In this article, I will provide a comprehensive walkthrough on utilizing LangChain to set up a vector store and conduct vector search on Azure Cosmos DB for MongoDB vCore using the Python programming language. The integration of LangChain with Azure Cosmos DB presents an exciting opportunity for developers and data engineers to harness the power of vector-based search capabilities within their MongoDB environments. By following the step-by-step instructions and leveraging the functionalities offered by LangChain, you will gain practical insights into implementing vector search in your own projects while benefiting from the robust features of Azure Cosmos DB for MongoDB vCore.
In this article
Prerequisites
- If you don’t have an Azure subscription, create an Azure free account before you begin.

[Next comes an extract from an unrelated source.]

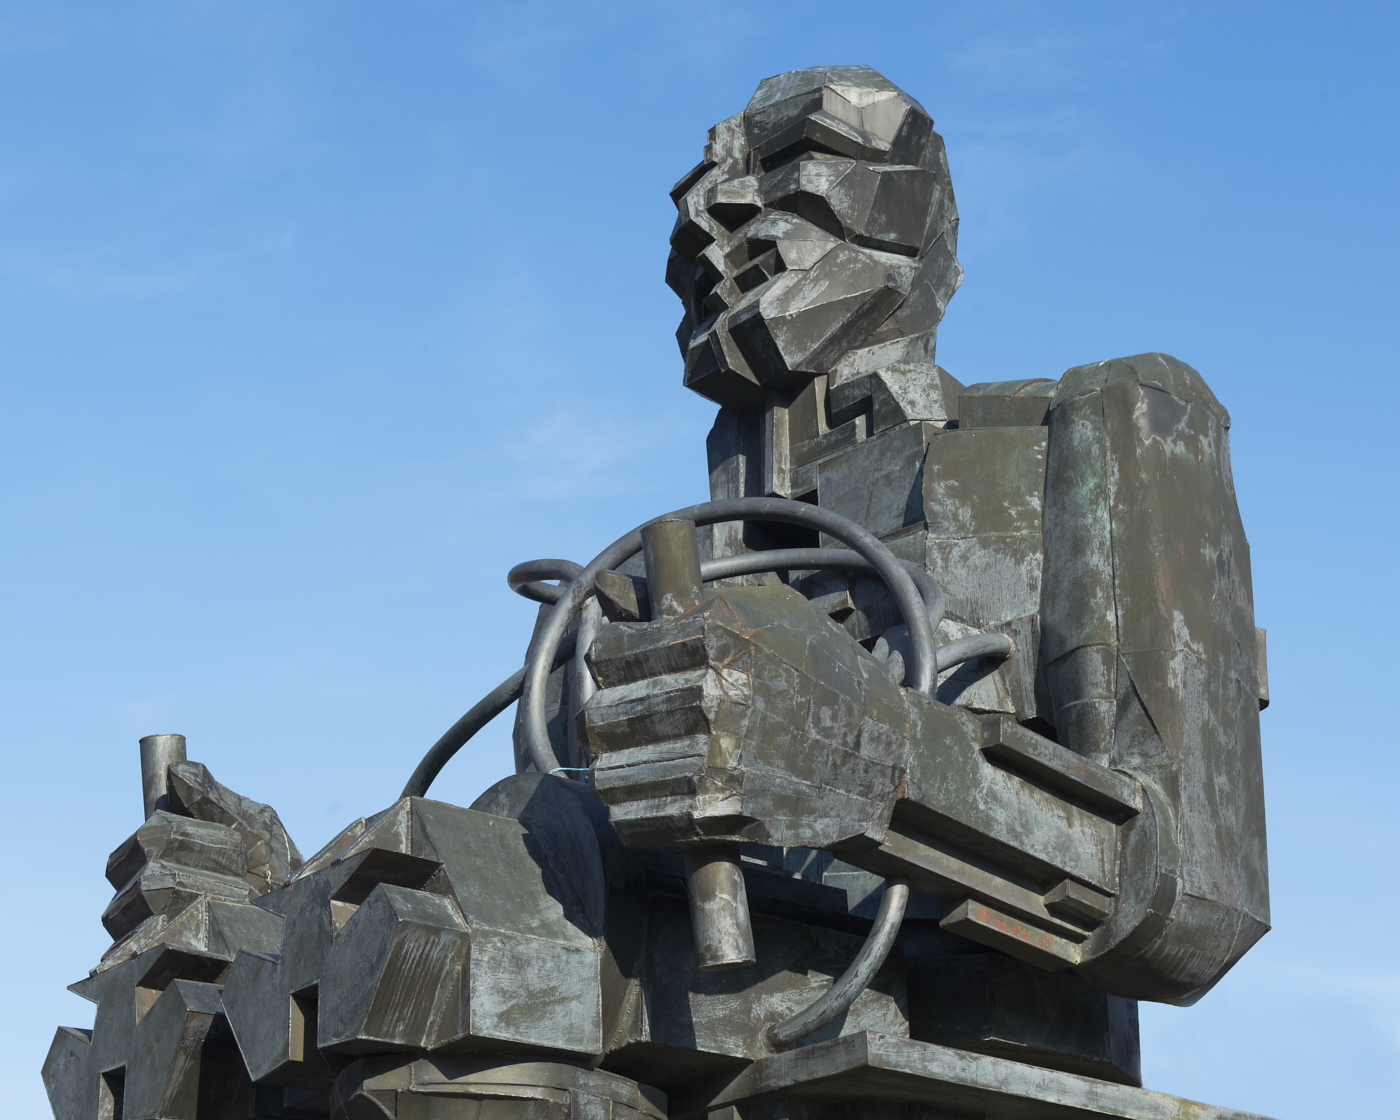 Upper body of seated bronze figure of Faraday sculpture by Eduardo Paolozzi with blue sky background

- Setup account for OpenAI API – Overview – OpenAI API
- Create an Azure Cosmos DB for MongoDB vCore by following this QuickStart.
What is Azure Cosmos DB for MongoDB vCore
Azure Cosmos DB for MongoDB vCore allows users to harness the benefits of a fully managed MongoDB-compatible database within the Azure environment. This integration streamlines the deployment and management of MongoDB databases on the Azure cloud platform, ensuring exceptional performance and reliability for applications requiring MongoDB compatibility.
Key benefits of Azure Cosmos DB for MongoDB vCore:
- Seamless integration: Build modern apps with familiar MongoDB architecture, plus enjoy native Azure integrations and unified support.
- Cost-effective: Pay only for resources used with scalable pricing tiers and optional high availability.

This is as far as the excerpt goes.